= League of Women Voters of Japan =

Japanese feminist NGO

The League of Women Voters of Japan (Nihon Fujin Yūkensha Dōmei) was a Japanese NGO advocating equal rights for women. It was established by Senator Fusae Ichikawa and other feminists in 1945, when Japanese women obtained the right to vote, inspired by the American League of Women Voters. It has 51 branches throughout Japan, and is affiliated with the International Alliance of Women. The headquarters of the league are in Tokyo.

== History ==
The New Japan Women's League (NJWL) was established on November 3, 1946 in order to improve women's legal status in Japan, and inform Japanese women about democracy and citizenship. Fusae Ichikawa served as the first president. In May 1948, the League of Women Voters sponsored a joint gathering of women's groups "in the cause of preserving peace."

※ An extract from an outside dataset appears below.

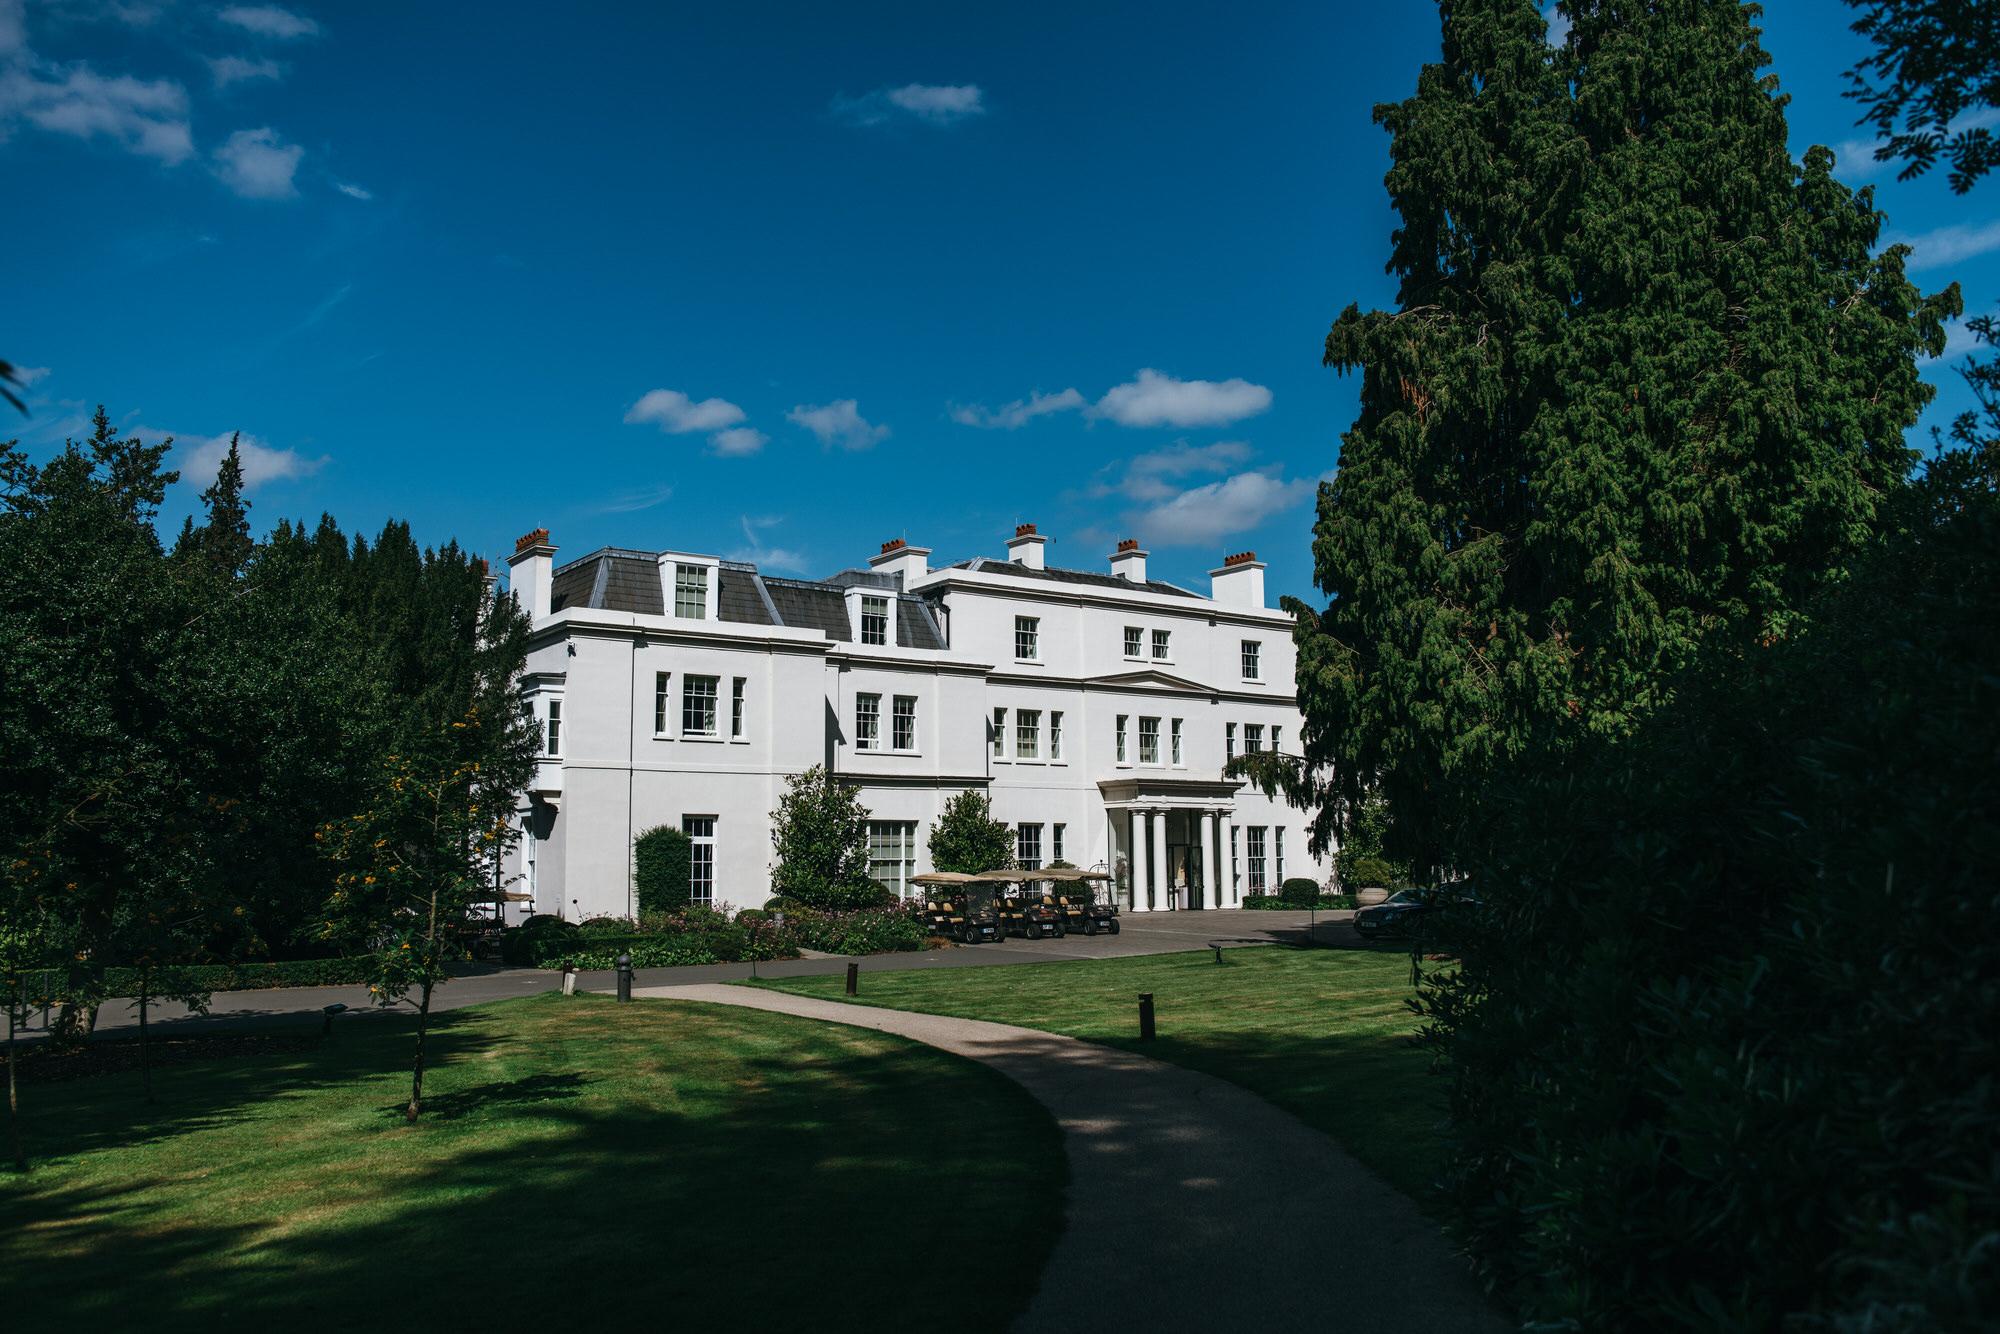 Coworth park wedding venue

Eventually the NJWL merged with the Japanese League of Women Voters in 1950.

After WWII, the League had trouble recruiting new members, and most members were housewives. The league has remained relatively conservative over time and has continued to have difficulty attracting new and young members. By 1983, there were about 5,000 active members.

By 2014, there were only about 2,000 active members. In April 2016, the League of Women Voters of Japan has been dissolved due to continuing decrease and aging of members.